From 2000- 2007, the actress starred in The CW series Gilmore Girls in which she portrayed wealthy family matriarch Emily Gilmore. 

Bishop took a break from the set of BUNHEADS to chat about why she decided to take on the challenging role in the new TV series.

"I love the character," she began. "I think she is so far removed from Emily Gilmore, and I really kind of want—as much as I totally enjoyed that character—this one’s a completely different kind of woman and she has the dance background, which I have, and it just seemed kind of like a nice fit.

You’ve got that same pacing and the clever dialogue of Gilmore Girls and the topical references and the historical references and all of the incredibly intelligent things that Amy (Sherman-Palladino) puts into her scripts. You have to be on top of it. You have to pay attention, and the smarter you are, I think, the more you like it.

You recently worked with Sutton Foster in the revival of Anything Goes, and now the two of you reunite on 'Bunheads.' 

Yes. In that show, our characters really did not interact at all. I mean, the only time I really talked to her was as she was passing by my dressing room on her way to her first entrance. She’s so fabulous anyway. We all know that she’s hugely talented, but she’s really a sweet, good lady anyway. So we are having so much fun working together; it’s ridiculous.

In the pilot episode we were sitting at the bar and I’m grilling her, we’re tossing back those drinks and I’m trying to figure out who she is. At one point, Amy (Sherman-Palladino) was directing that one, and she said, “The fondness that you two have for each other has started to come through here. Cut that off  … now!” We are just having so much fun just playing together. I just think she’s a terrific talent, but she also brings that theatre discipline to the set, which is something that I enjoyed when we were doing Gilmore Girls. We’re ready, willing and able to get going as soon as it’s time to work, and Sutton just brings that right along with her and she’s a joy.<

Do you have a preference for live theater versus TV?

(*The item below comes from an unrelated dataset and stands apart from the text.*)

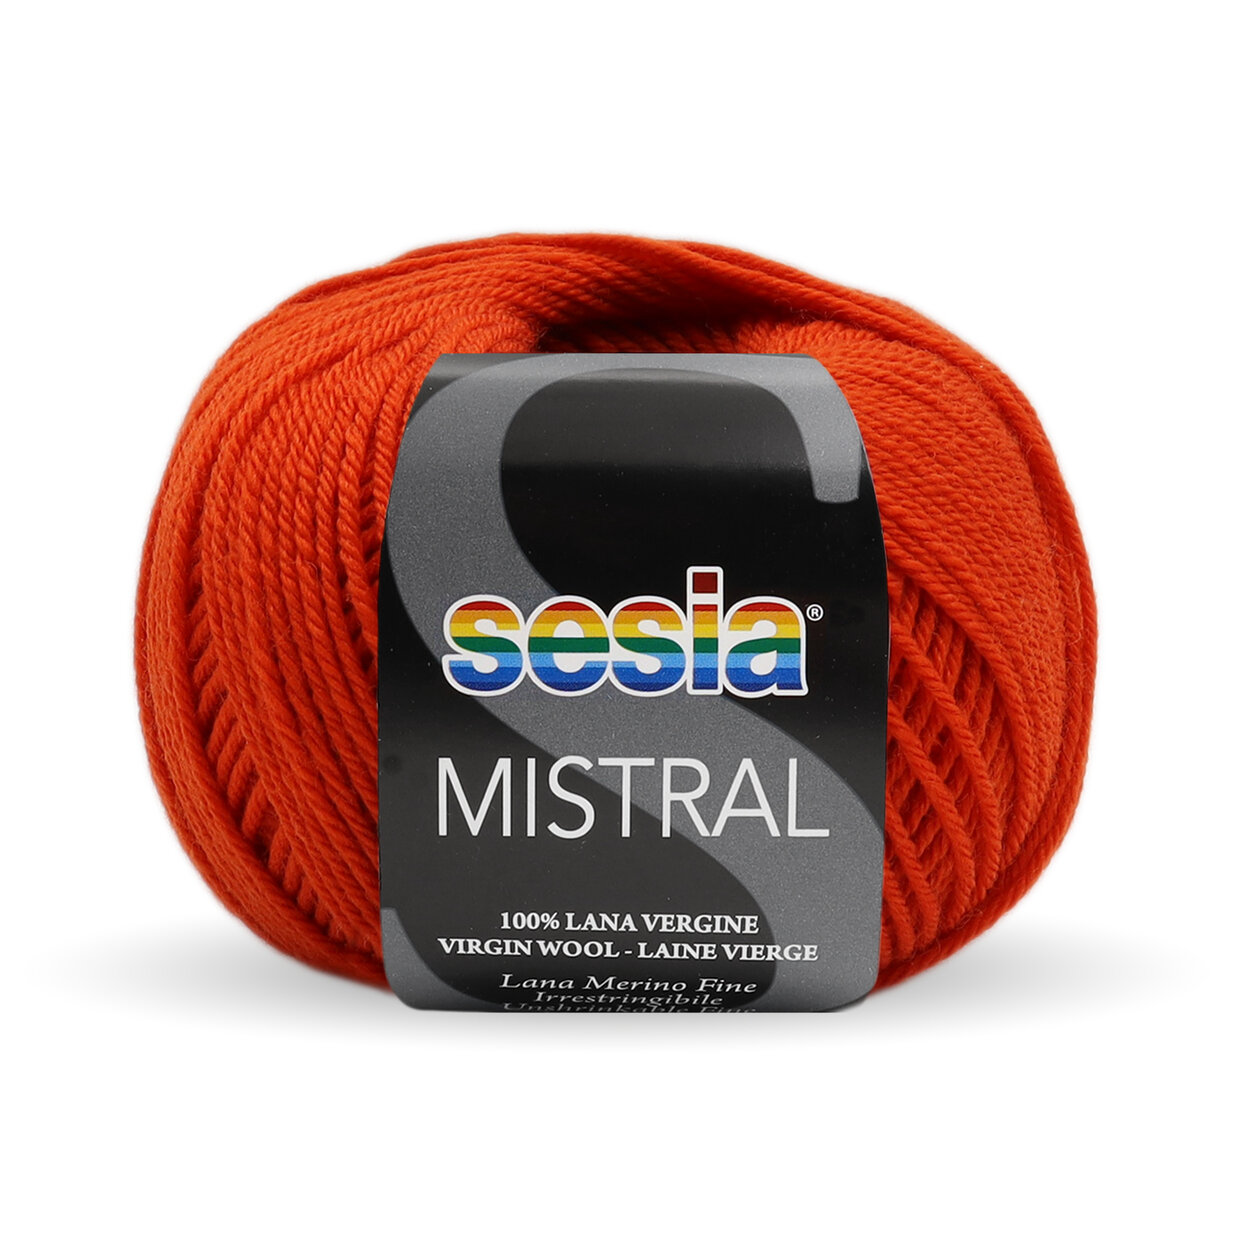 SESIA Mistral - 3785 arancio

You know, they are so different and I love them both and I couldn’t quite decide. It’s sort of like if I’m doing one, I start yearning for the other. When I was doing Anything Goes, and I’ve been in some stage work since Gilmore Girls I started thinking, “Boy, I really miss working the television thing.” It’s not the schedule. Schedule on television is just horrendous in an hour-long show, but I miss the intimacy and there are so many levels in television that I’d missed. Of course, as soon as I’m doing this for a little while, I’m starting to think about a live audience again. So there are just very different techniques and there are hardships and joys in both. So I don’t think I do have a preference.

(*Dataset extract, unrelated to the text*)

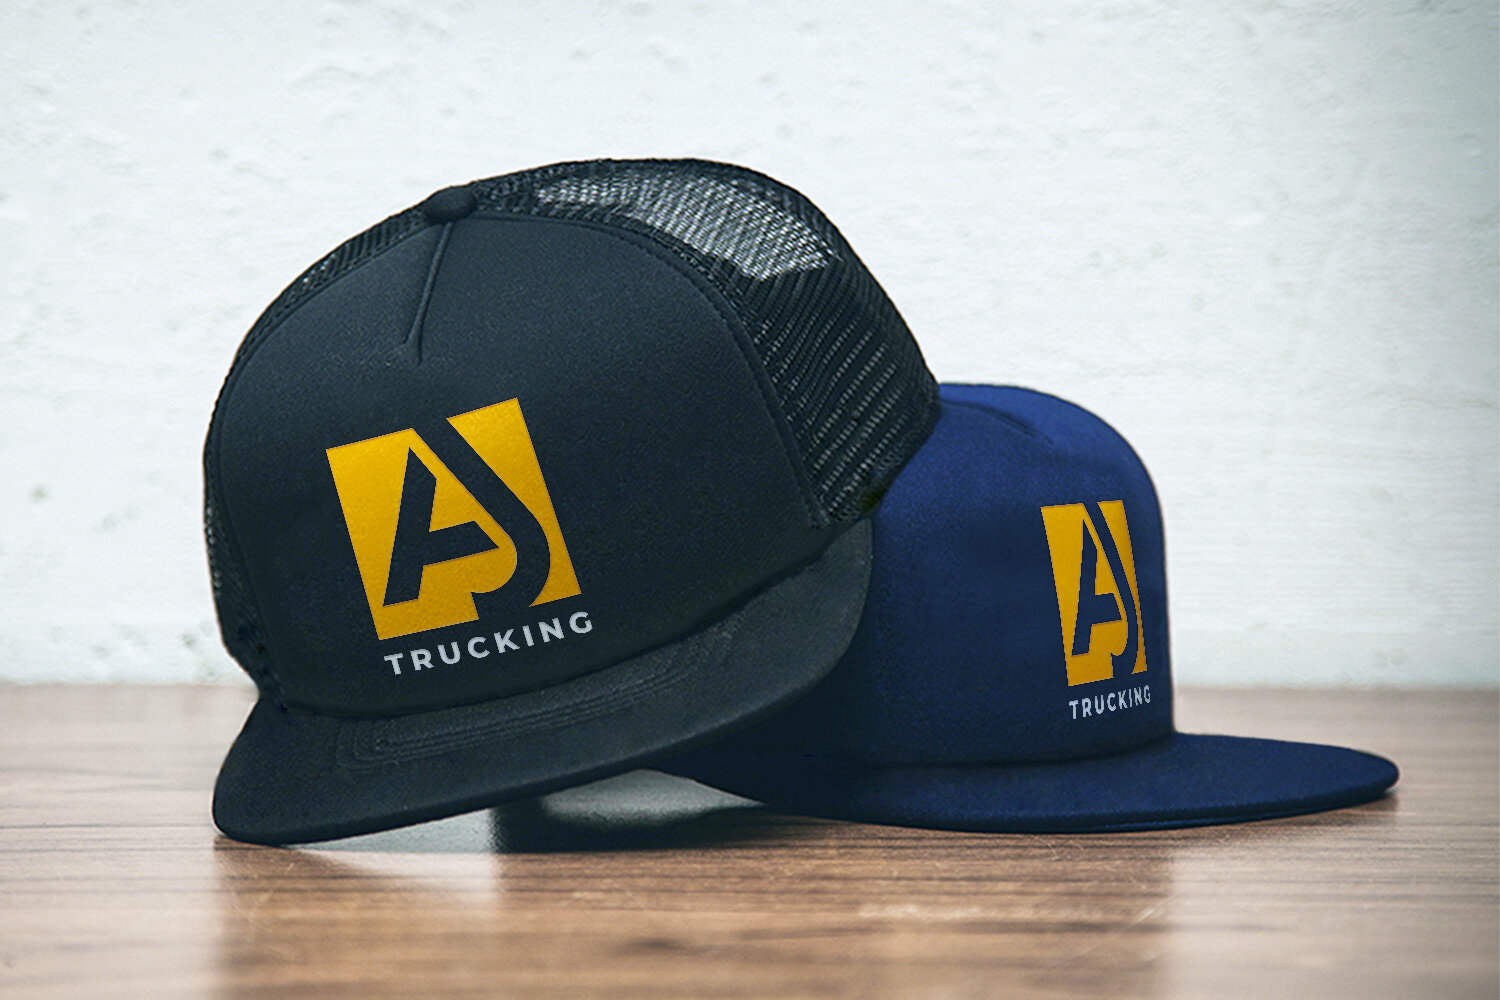 AJ Trucking Hats

What do you find most challenging about your role on Bunheads?

It’s always challenging with Amy. Probably the very first thing that happens with Amy Sherman-Palladino is learning those words, because there are a lot of them. The challenges are really more pleasures. I’m not running into a wall or gnashing my teeth over any particular thing. It all is making sense to me and what I’m finding rather than challenge, I’m finding a real delight in being able to open up my personality in this character and being a little, oh I don’t know if zany is the right word, but a lot looser and doing things I would never have done with Emily—well, Emily Gilmore wouldn’t have done some of those things. Just some of my behavior is a little more outlandish, and that’s so much fun to sort of free that up.

So we’ll see. I’m sure there are challenges down the road, but right now, I’m just grabbing on to those scripts and jumping inside, wrapping myself up in them and having a good time!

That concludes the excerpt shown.